Если бы Анна ответила как-то иначе, им обеим, скорее всего, пришлось бы уйти. Доктор Остапцов не переносил любознательную молодежь, что записывалась к нему на прием ради интереса и новых впечатлений. Цель всей его жизни – оказание психологической помощи человеку, попавшему в сложную ситуацию, потерявшему ценностные ориентиры или даже смысл дальнейшего существования. К Остапцову приходили страдающие хроническими депрессиями, но с виду успешные бизнесмены и политики, брошенные жены и пережившие большие трагедии семьи. Но молодежь с целью обретения смысла жизни – крайне редко.
На девушек доктор Остапцов произвел благоприятное впечатление. Будучи невысокого роста, с немного заметным животом и лысиной, мужчина средних лет тем не менее вызывал симпатию своими добрыми светло-голубыми глазами и скромной улыбкой. Его теплая байковая клетчатая рубашка, заправленная в свободные джинсы на кожаном ремне, больше соответствовала образу американского фермера, нежели доктора. Но когда Игорь Николаевич начал объяснять свой метод работы, стало ясно – внешность обманчива.
– Дело в том, что регрессия – это возвращение вашей души назад, в предшествующие настоящему состояния. Этих предшествующих состояний может быть от одного до сотни, все очень индивидуально. В мире немало молодых душ, которые живут первое или второе воплощение на планете. Они редко оказываются у меня на сеансах, поскольку еще не наработали карму, что отяготила бы их настоящее. В основном ко мне приходят зрелые души, прожившие более десяти воплощений. Таких подавляющее большинство на планете. И все они связаны между собой, как…

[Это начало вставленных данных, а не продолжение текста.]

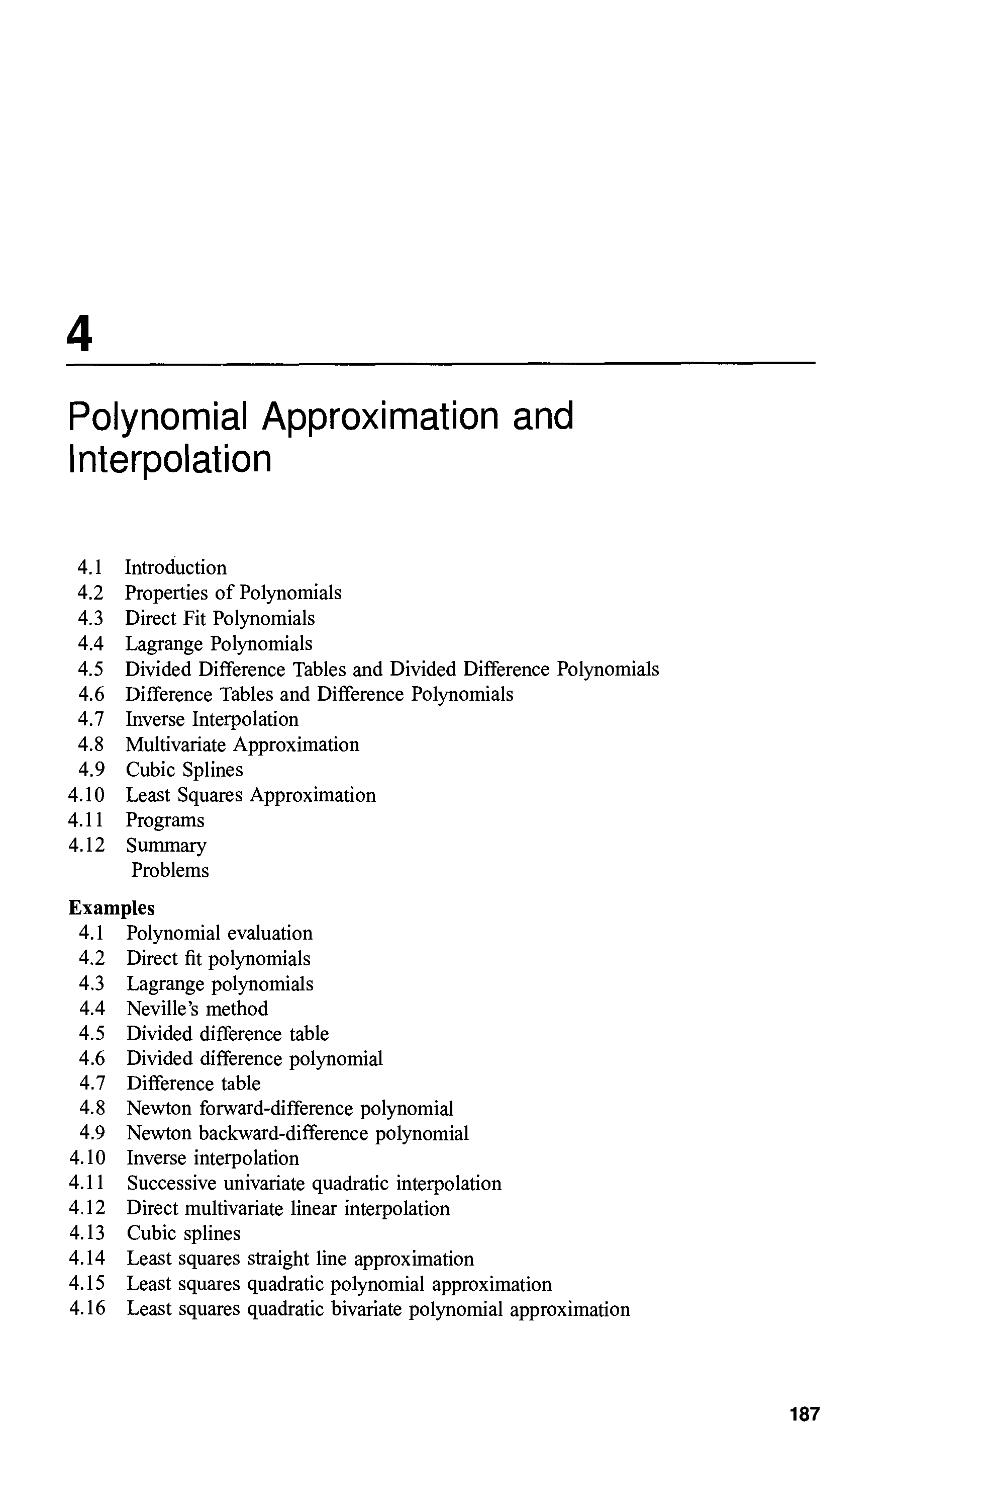 Polynomial Approximation and Interpolation

– Как нити, – Маша перебила доктора. – Извините, просто возникла ассоциация с разноцветными нитками для вязания, спутанными в клубке.
– Абсолютно. Это совершенно правильное сравнение. Человеческие судьбы так переплетены, что разобраться в этом крайне сложно. С каждой новой жизнью клубок запутывается все сильнее и сильнее, наступает момент, когда невозможно найти начало нити. И вместо того чтобы задуматься о корне проблем, человек продолжает создавать новые проблемы, теряя смысл своего существования. Регрессия помогает распутать клубок, возвращая в начало. Именно там, в прошлом, все началось.
– Да, в детстве, – тихо сказала Анна, надеясь, что ее не услышат.
– Нет, нет, не в детстве, а еще раньше, в предыдущем воплощении или, что еще хуже, в далеких воплощениях. У нашей души, у абсолютно каждой души, хочу это подчеркнуть, есть своя так называемая кармическая память. Вы ведь знаете, что такое карма? – доктор Остапцов, прищурившись, задал девушкам каверзный вопрос.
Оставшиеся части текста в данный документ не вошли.